[Dixielandjazz] Pete Smythe

Ed Danielson mcvouty78 at hotmail.com
Wed Oct 29 14:51:00 PST 2003


Interesting that someone brought up the late Pete Smythe.  I didn't realize 
he was well known outside of metro Denver.  I had the distinct pleasure of 
working with Smythe briefly back in the early 1970s, as a board operator and 
straight man.  Pete was an awfully nice guy, and quite a good piano player.  
He and a partner had bought the radio station where I was working, with the 
idea of launching a radio comeback for Pete, who had been off the air for a 
number of years.  So Pete worked the morning drive shift from his "general 
store" just as he had when I was a kid.  He was very entertaining, though 
the East Tincup shtick seemed kind of dated.  Johnny Carson once called 
Homer and Jethro the "Smothers Brothers of the stone age;" similarly, Pete 
came across as the Garrison Keillor of the stone age.  Other than Pete's 
show, the day's programming was devoted to a sort of "beautiful music" 
format:  the million-and-one-strings orchestra playing the pre-war great 
American songbook.  (I used to sneak a Ralph Sutton record on now and then.)

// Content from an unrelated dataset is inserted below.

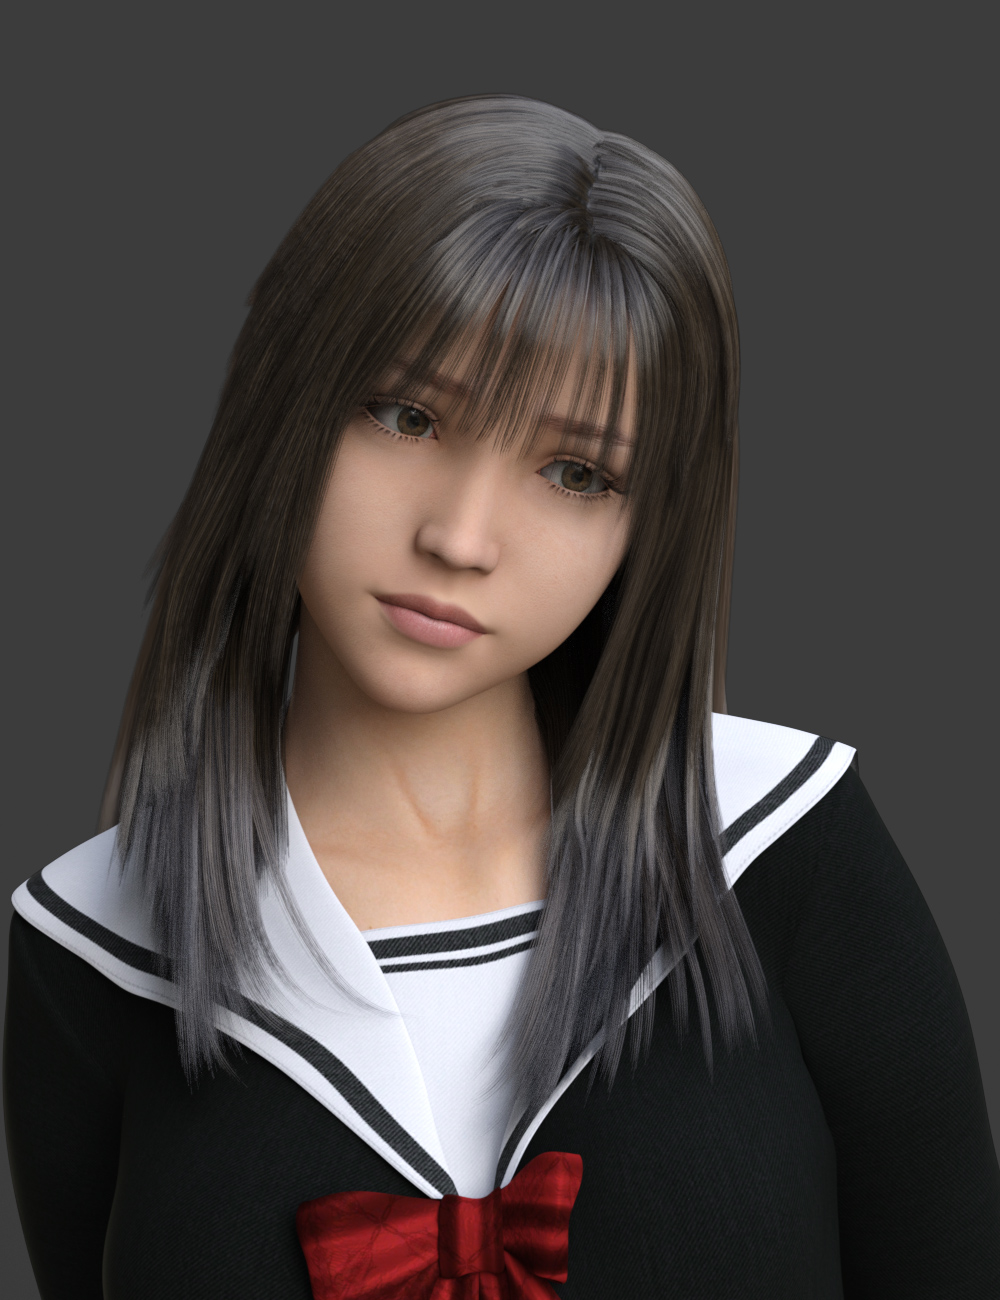 dForce Manami Hair for Genesis 8.1 Female by: kobamax, 3D Models by Daz 3D

Did I say this was the 1970s?  You can imagine how Pete's folksy charm went 
over in the disco era -- particularly in Denver, at that time full of 
boomers who had moved here in the 1960s and 1970s because they thought the 
city would be more sympathetic to the counter culture than other places.  He 
bombed, unfortunately.  Although he maintained co-ownership of the station 
for a few years, the partnership struggled to find a format that took off.  
I suggested they turn it into a jazz station -- after all, the ratings were 
already the lowest of any Denver FM station at the time, so what did they 
have to lose?  Management demurred, but, after all the staff were replaced, 
myself included, the station did became a jazz station -- the first KADX, 
call letters eventually appropriated by Dick Gibson for the jazz station he 
later operated -- playing bebop, fusion, soul jazz and everything else but 
trad or swing.  Ultimately it was sold, and became a country-western 
station, but that's another story.  That frequency is now Denver's oldies 
station.

"You might as well fall flat on your face as lean over too far backward."